Absolutely true. All I have said is that DataStage and Informatica will absolutely do what you want. The rest, well, you will just not find many people with good skills across many ETL tools to help you out making a choice. It is unusual for people to gain experience across many of the ETL tools because of the time and effort it takes to learn them in detail. You really have to implement similar data warehouses with the tools to be able to compare them. And by the time you have done that it's two releases later and feature leapfrogging has taken place. In many ways you are very likely to be best off buying the tool that has the most licenses in your area and the most people available to work on your projects. Remember, the ETL work is still the largest single piece of work on the project at 60-80% of the total work on most projects. There is no point buying a tool that you cannot get local people skilled in.

If you are going to build yourself a sizable application independent data warehouse the 'safe' bet is to go with one of these two. If you are going with a suite of analytical applications you will probably go with the tool that the vendor imbeds with the application.

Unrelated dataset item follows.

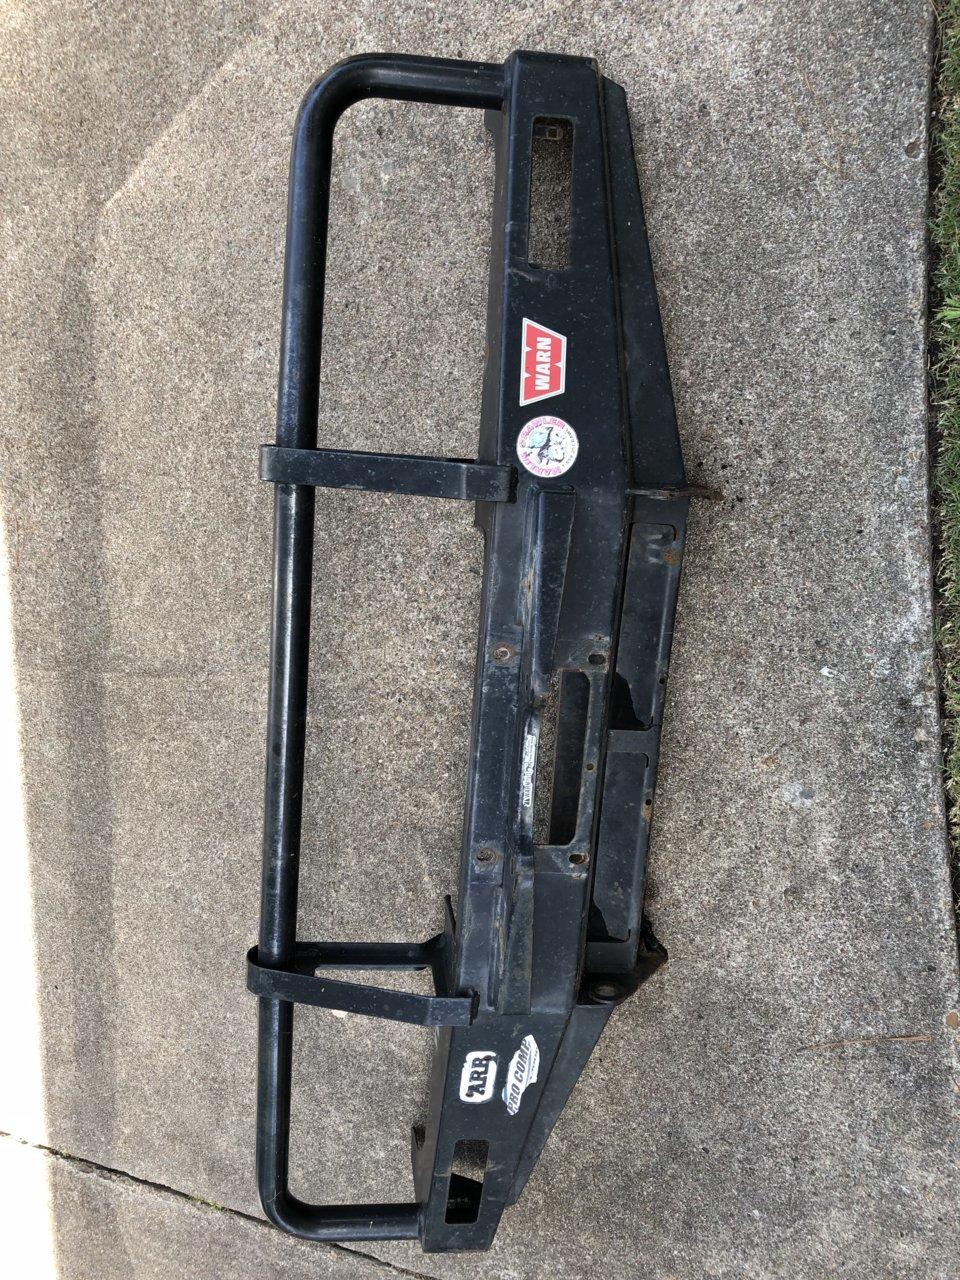 Genuine ARB front bumper for 1st Gen 4Runner for sale

It is much more important to make sure that you learn how to build the data warehouse using the tool that you finish up using.

A005. What is the usual situation with Data Quality?

'The quality of the data is near 100% perfect' is right up there with 'The check is in the mail.' It is very rarely true. The case that I find most often is that the operational system validates data from the perspective that the data needs to be 'valid' for operational system processing. This does not mean the data is 'valid' as in reflects the real world. Also, the operational system will usually maintain data as 'valid' at a point in time and provide little support for the changing values of data over time. When you put data into the data warehouse you will have to take care of changing data values over time.

You should expect the data coming to you to be pretty bad. Then you will not be surprised if it is bad and you can be pleasantly surprise if it is good.

Should I then delay the data warehouse build until the data quality is up to scratch?

Well, not if you want to actually build it, because it generally takes a long time to bring data quality up to scratch.

What should I do then?

As a minimum, when you perform the data integration tasks of key lookups for fact record keys from the dimension tables, if you do not find as value you should put a '0' key into the fact record. Don't put a null because in most databases null=null is false.

You then put a record into the dimension table with a 0 key that indicates the key was unknown at lookup time. At the detail level you should also put the key that you looked up into the fact record. This is something of a heresy but this is what I do. You can then use the real key to adjust the '0' key to the correct key at some future point in time.

You should then also write reports in whatever query/reporting tool you are going to use to count the number of '0' keys for every dimension key on every fact table and list the unique values of the real keys. These reports let you find the real keys that are not being mapped to the dimension tables. Then you can do something about it. And what you usually need to do about it is to get people to type 'more correct' data into the operational system. This will take some time. These reports will also let you show the owner of the data the level of quality in terms of data integration to keys at least.

The other solutions I have tried in the past are error files which require the files to be re-cycled into the data warehouse as well as automagically inserting dimension records for unknown dimension records coming in. I stopped doing either of these by the end of 1995.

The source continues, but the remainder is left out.